Glarus had told Murad of the war, the ruin of the city and the King’s illness while he had pounded his seed into the rump of the whimpering maid. A lot had been happening, seemingly, while he and his companions had been trekking through that endless jungle and eating beetles in order to survive. Murad could not help but feel that the world he had come back to had become an alien place. But the Sequeros were destroyed, as were the Carreras. That meant that he, Lord Murad of Galiapeno, was now almost certainly closest by blood to the throne itself. It was an ill wind which blew nobody any good. He smiled to himself. War was good for something after all.

The King received him in the palace gardens, amid the chittering of cicadas and the rustling of cypresses. A year before, Murad had sat here with him and first proposed the expedition to the west. It was no longer the same world. They were no longer the same men of that summer morning.

The King had aged in a year. His dark hair was brindled with grey and he bore scars on his face even as Murad did. He was taller than he had been, Murad was convinced, and he walked with an awkward gait, the legacy of the wounds he had suffered in the storming of the city. He smiled as his kinsman approached, though the lean nobleman had not missed the initial shock on his face, quickly mastered.

“Cousin, it is good to see you.”

They embraced, then each held the other at arm’s length and studied the other man’s face.

“It’s a hard journey you’ve been on,” Abeleyn said.

“I might say the same of you, sire.”

The King nodded. “I expected word from you sooner. Did you find it, Murad, your Western Continent?”

Murad sat down beside the King on the stone bench that stood sun-warmed in the garden. “Yes, I found it.”

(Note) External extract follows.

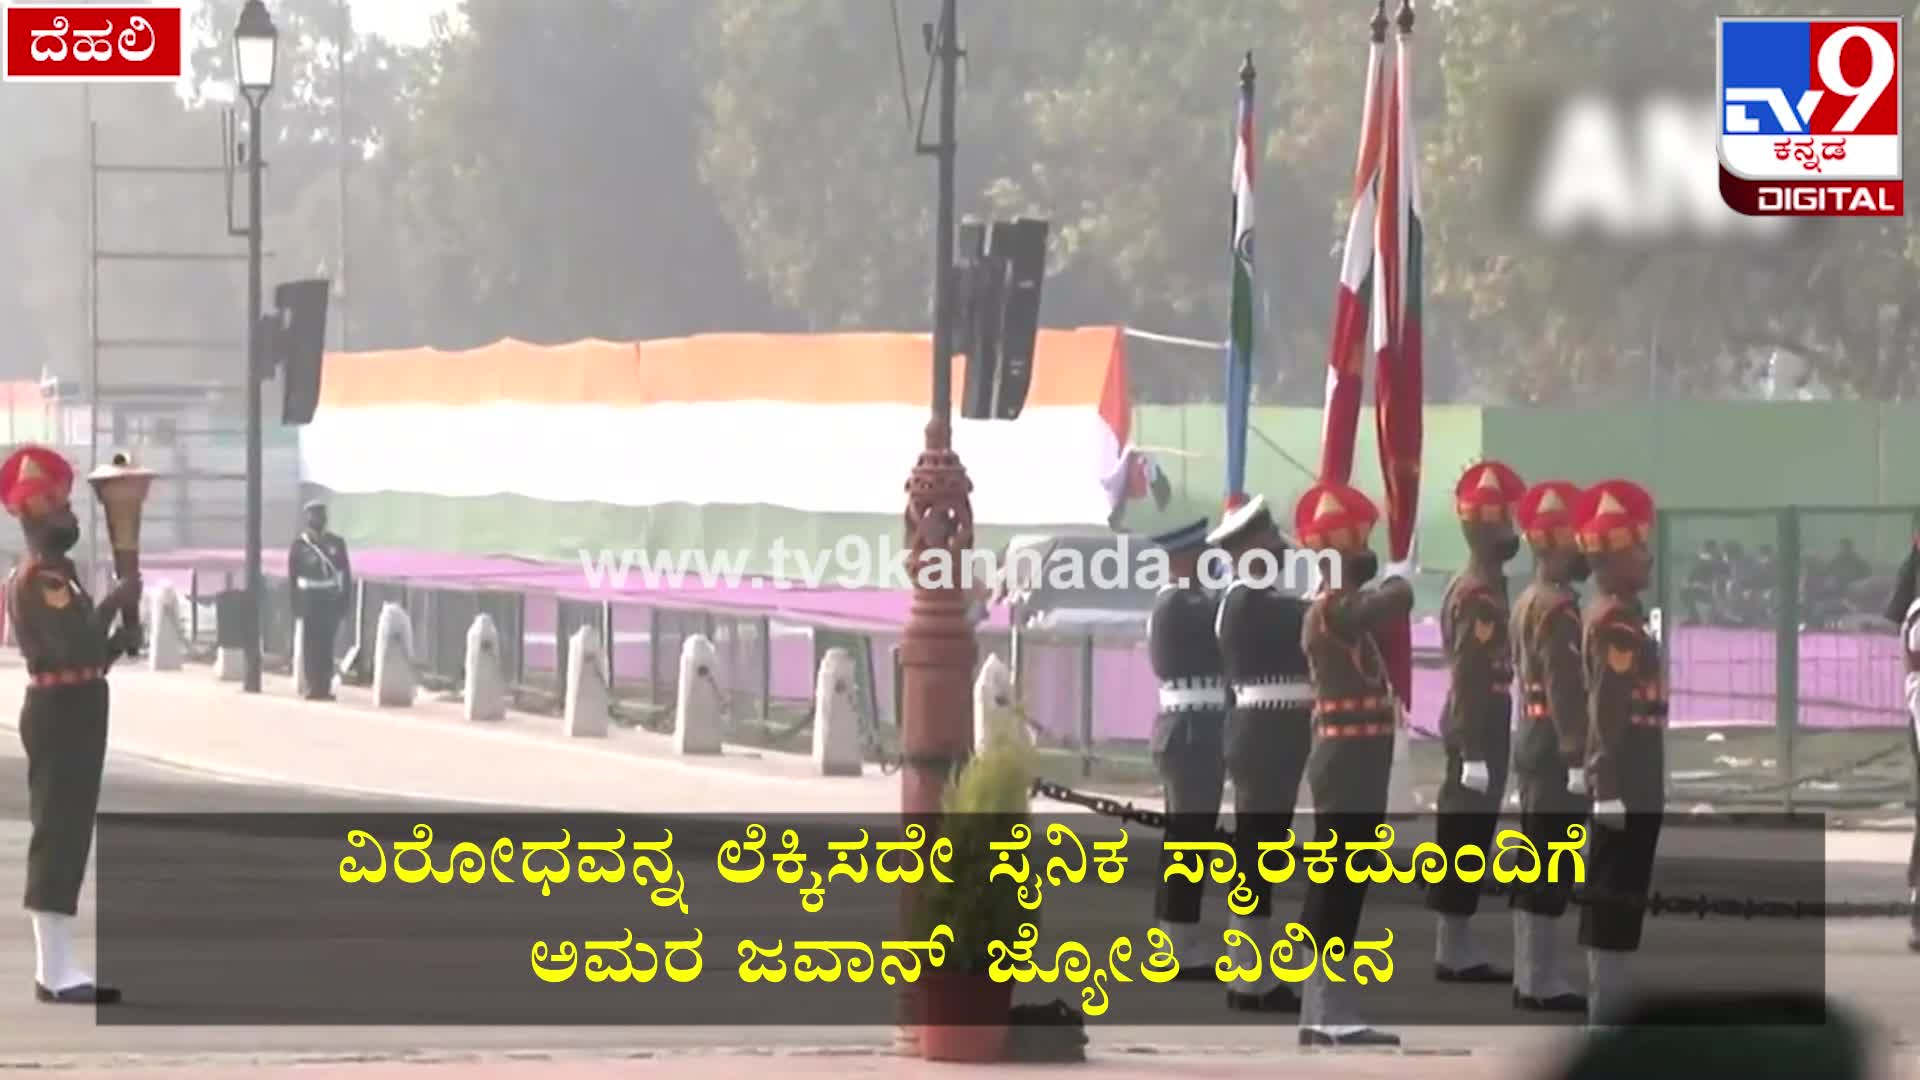 👌ಇಂಡಿಯಾ ಗೇಟ್ ನಲ್ಲಿ ನೇತಾಜಿ ಪ್ರತಿಮೆ ಸ್ಥಾಪನೆ Videos • Tv9 Kannada(@tv9kannadaofficial)  on ShareChat

“And was it worth the trip?”

For a second, Murad could not speak. Pictures in his mind. The great cone of Undabane rising out of the jungle. The slaughter of his men there. The jungle journey. The pitiful wreck of Fort Abeleius. Bardolin howling in the hold of the ship in nights of wind. He shut his eyes.

“The expedition was a failure, sire. We were lucky to escape with our lives, those of us who did. It was—it was a nightmare.”

“Tell me.”

And he did. Everything from the moment of weighing anchor in Abrusio harbour all those months ago through to mooring the ship again that very morning. He told Abeleyn virtually everything; but he did not mention Griella, or what Bardolin had become. And Hawkwood’s part in the tale was kept to a minimum. The survivors had pulled through thanks to the determination and courage of Lord Murad of Galiapeno, who had never despaired, even in the blackest of moments.